- [DATA IN THIS EXERCISE]
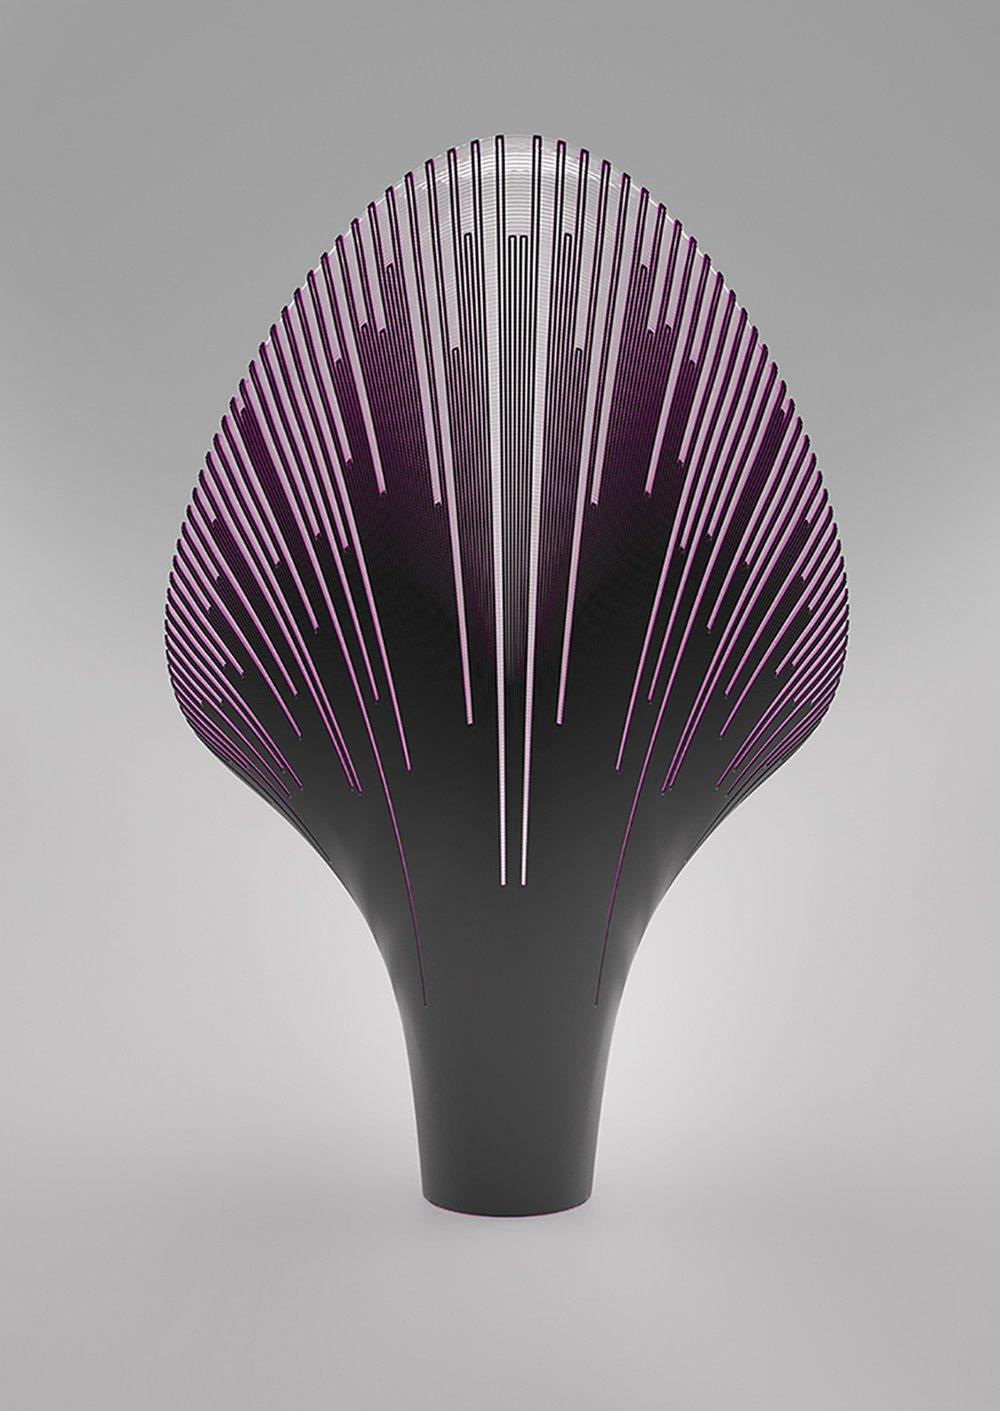 3D-Printed Chairs-Zaha Hadid-Visual Atelier 8-6.jpg
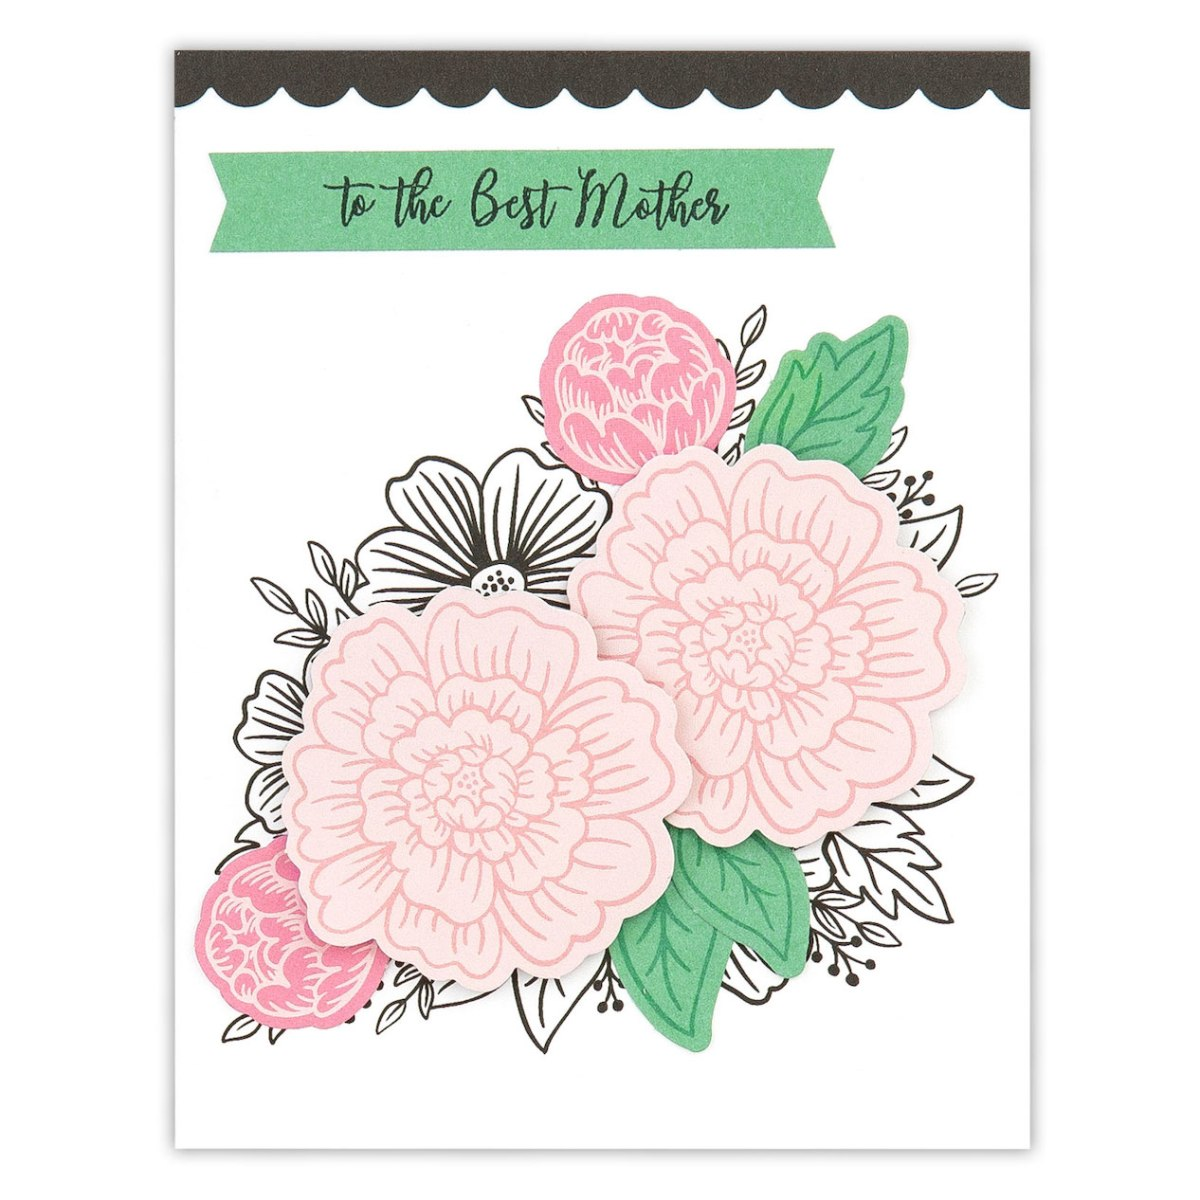 Easy DIY Cards #ctmh #closetomyheart #craftwithheart #cardmaking #diy #subscription #papercrafting #crafting #birthday #thanks #shakerwindow
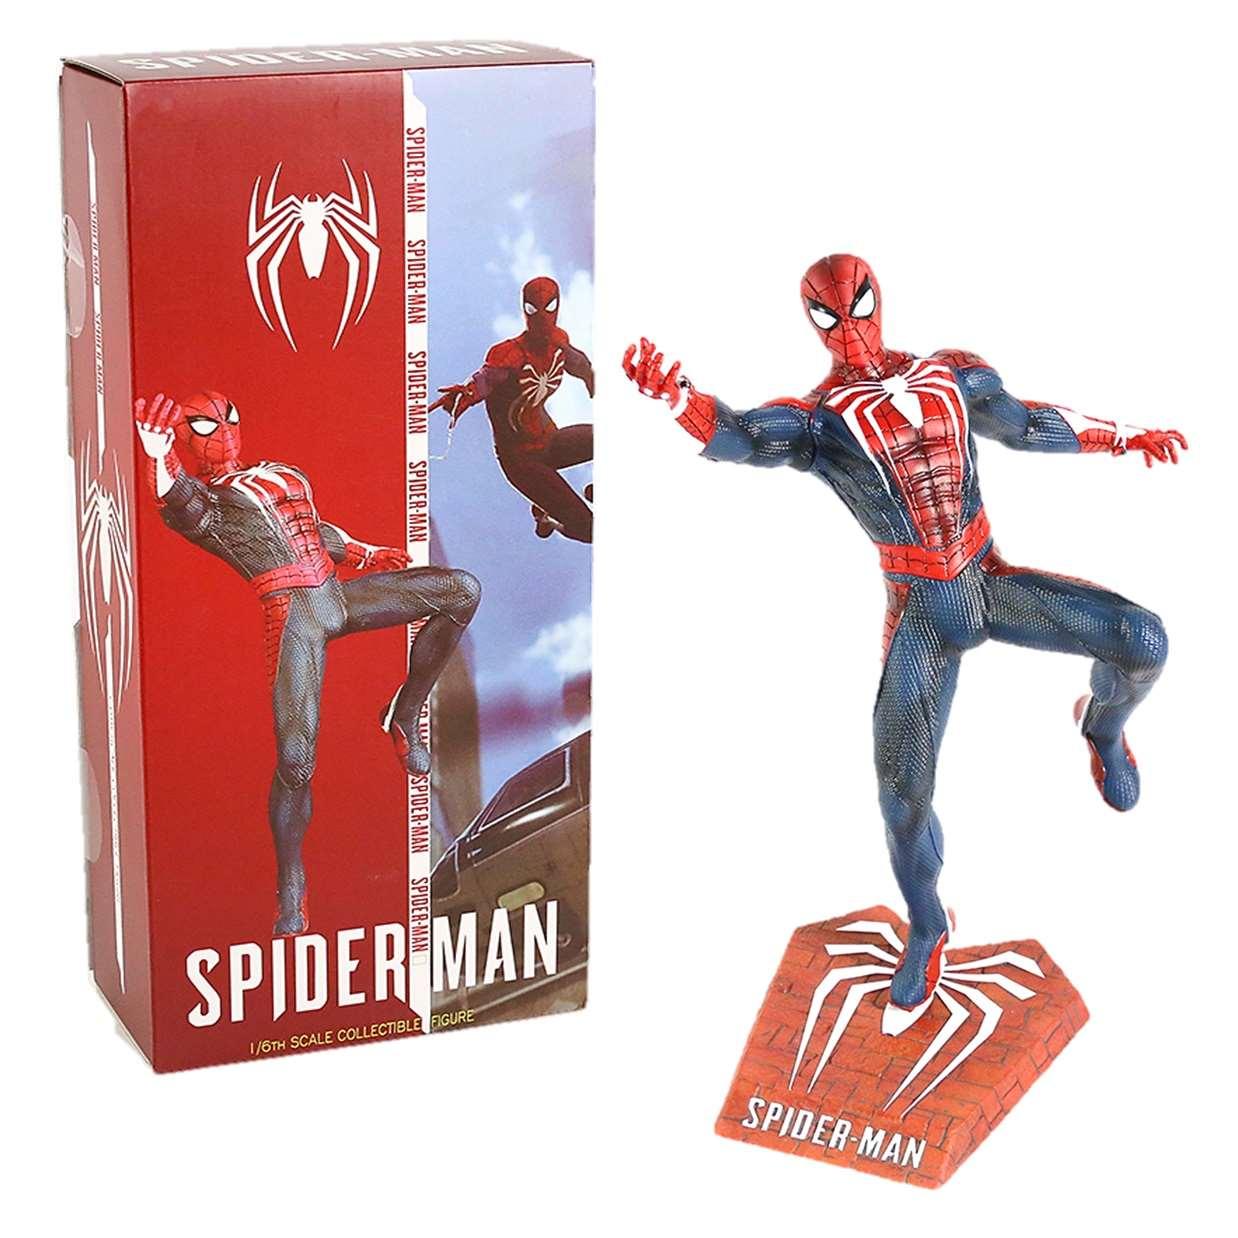 Spider Man Ps4 Escala 1/6 Estatua Team Of Prototyping 12puLG
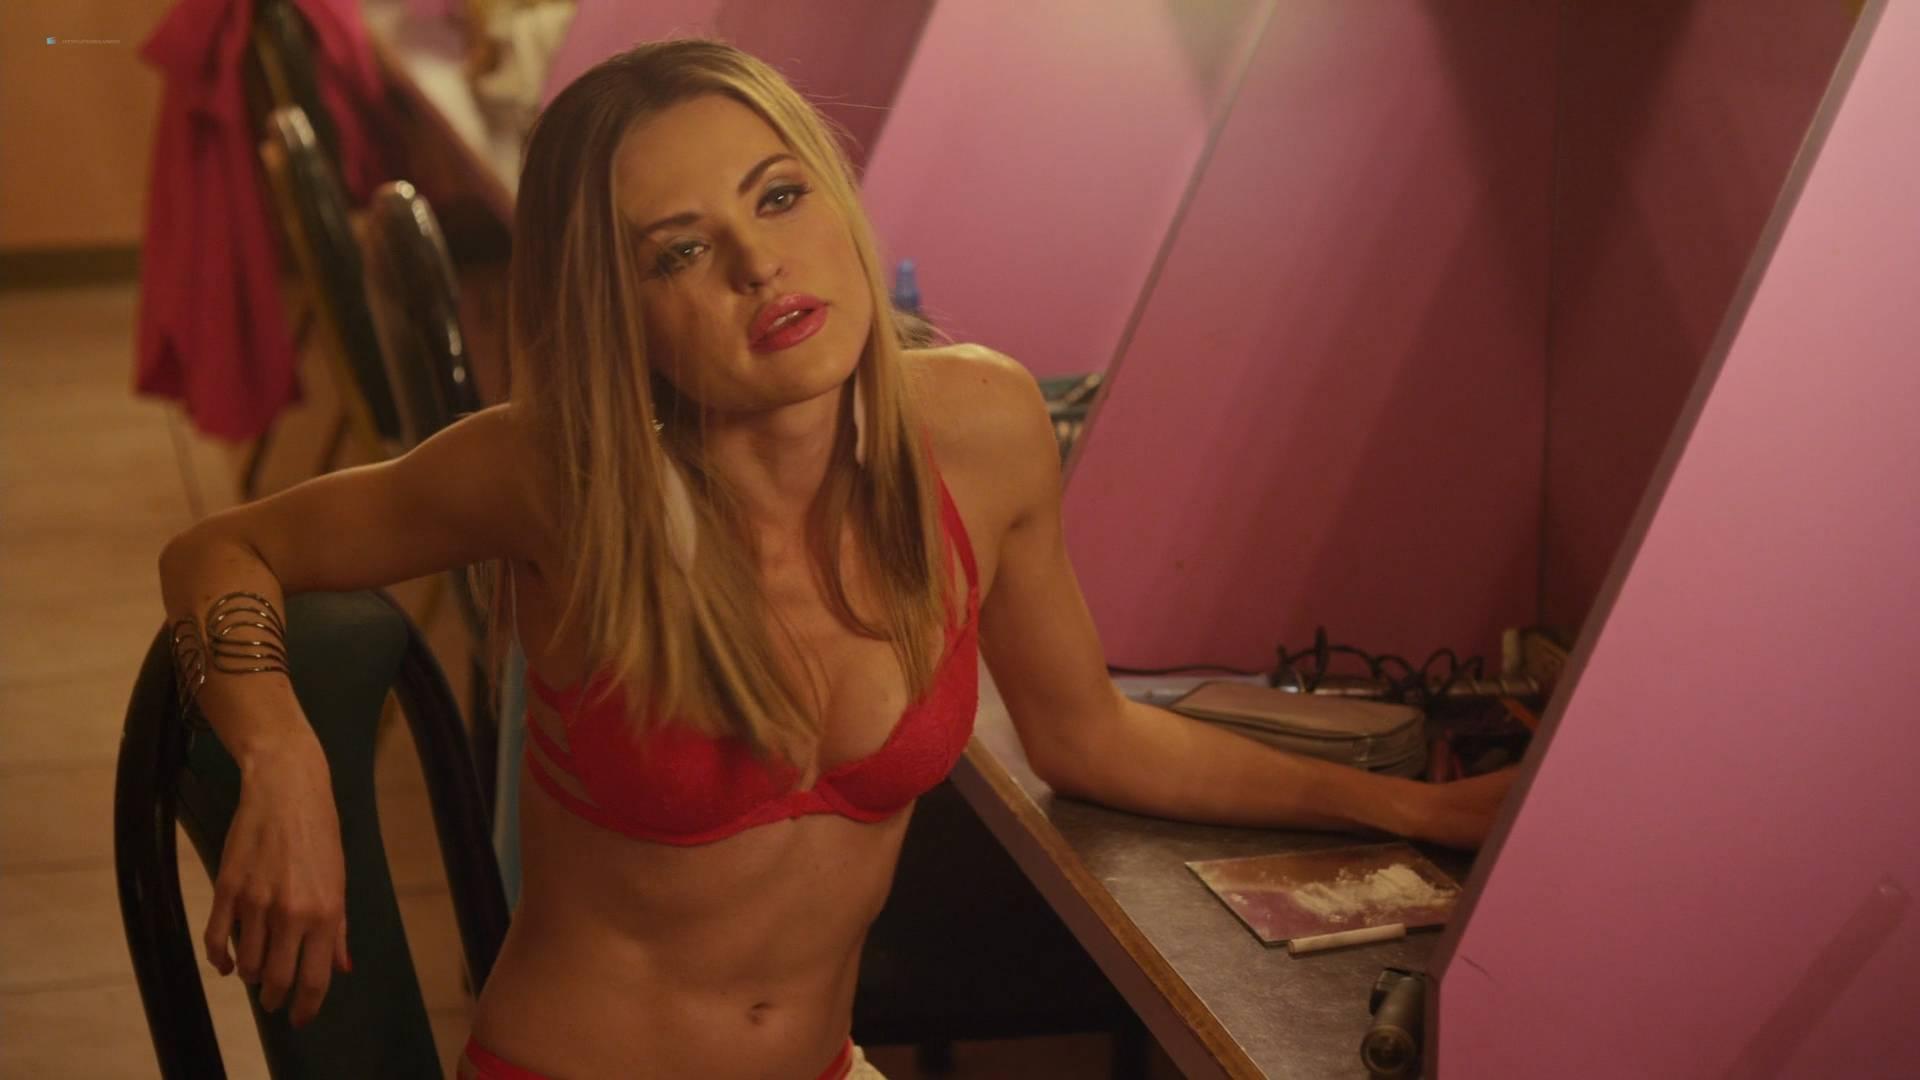 Helena Mattsson hot, Ileana Huxley and April Jorgensen nude topless - Code of Honor (2016) HD 1080p (8)
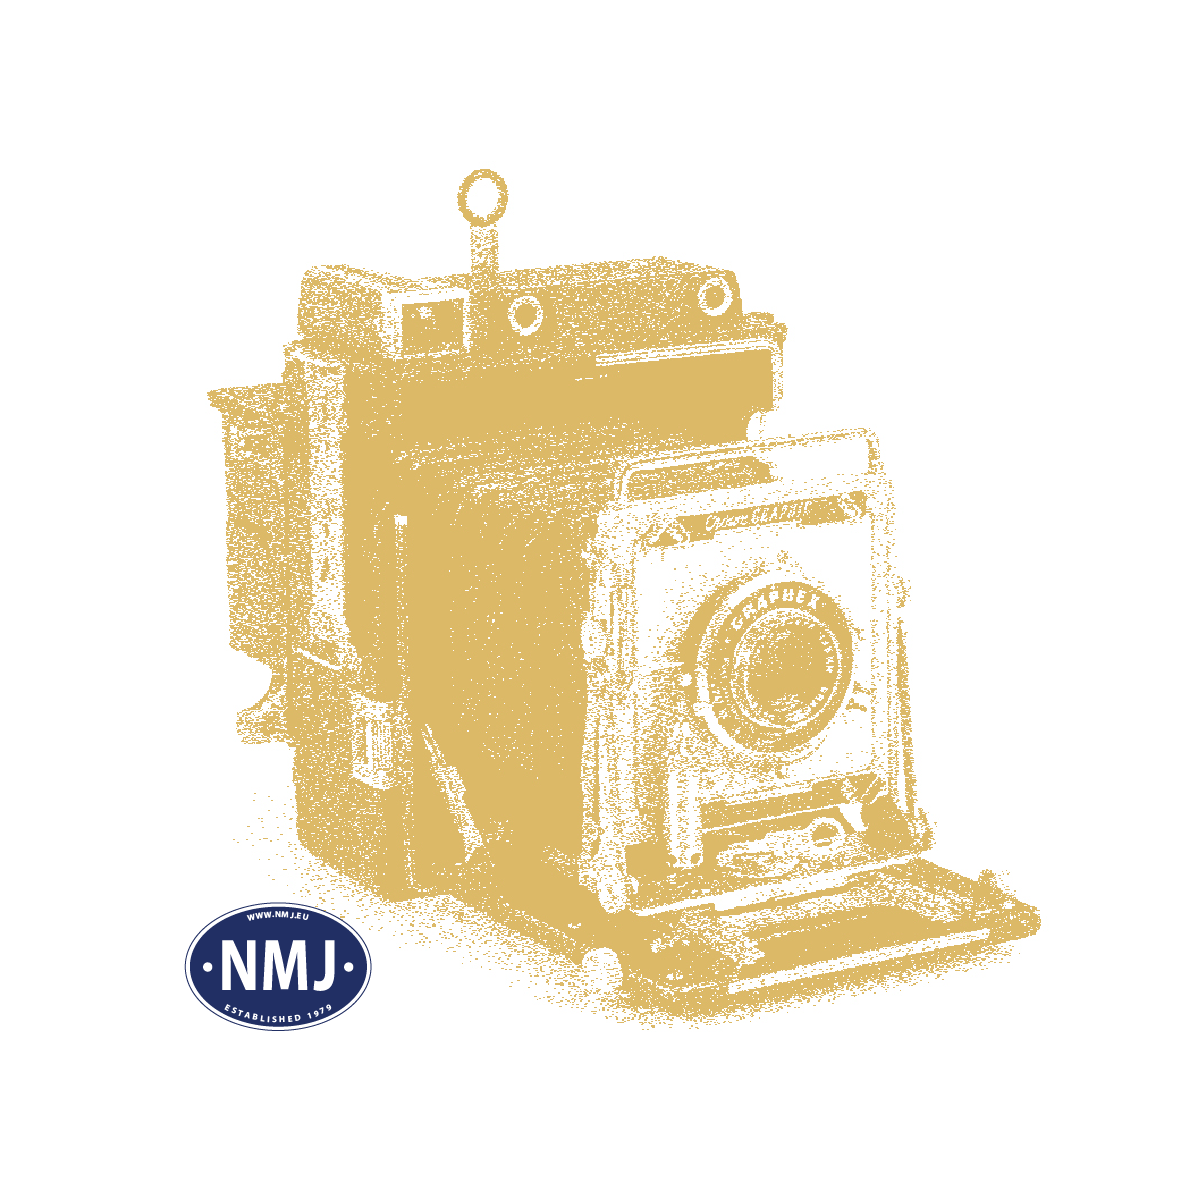 NOC15410 - Gudstjeneste
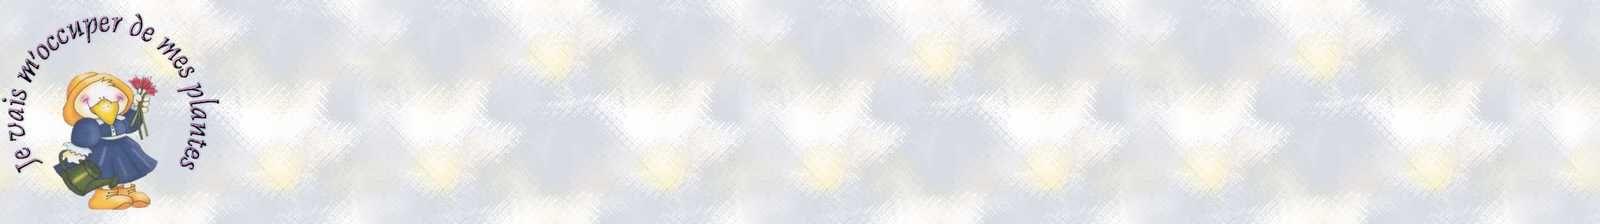 Je vais m'occuper de mes plantes canard IM &amp&#x3B; A4 h l &amp&#x3B; outlook &amp&#x3B; enveloppe &amp&#x3B; 2 cartes A5 &amp&#x3B; signets   je_vais_moccuper_de_mes_plantes_canardfillearrosoir_001_00

- [ASSIGNED TASK] Once the pictures are set aside, repeat the data above exactly as written.

- [TASK RESPONSE]
 3D-Printed Chairs-Zaha Hadid-Visual Atelier 8-6.jpg
 Easy DIY Cards #ctmh #closetomyheart #craftwithheart #cardmaking #diy #subscription #papercrafting #crafting #birthday #thanks #shakerwindow
 Spider Man Ps4 Escala 1/6 Estatua Team Of Prototyping 12puLG
 Helena Mattsson hot, Ileana Huxley and April Jorgensen nude topless - Code of Honor (2016) HD 1080p (8)
 NOC15410 - Gudstjeneste
 Je vais m'occuper de mes plantes canard IM &amp&#x3B; A4 h l &amp&#x3B; outlook &amp&#x3B; enveloppe &amp&#x3B; 2 cartes A5 &amp&#x3B; signets   je_vais_moccuper_de_mes_plantes_canardfillearrosoir_001_00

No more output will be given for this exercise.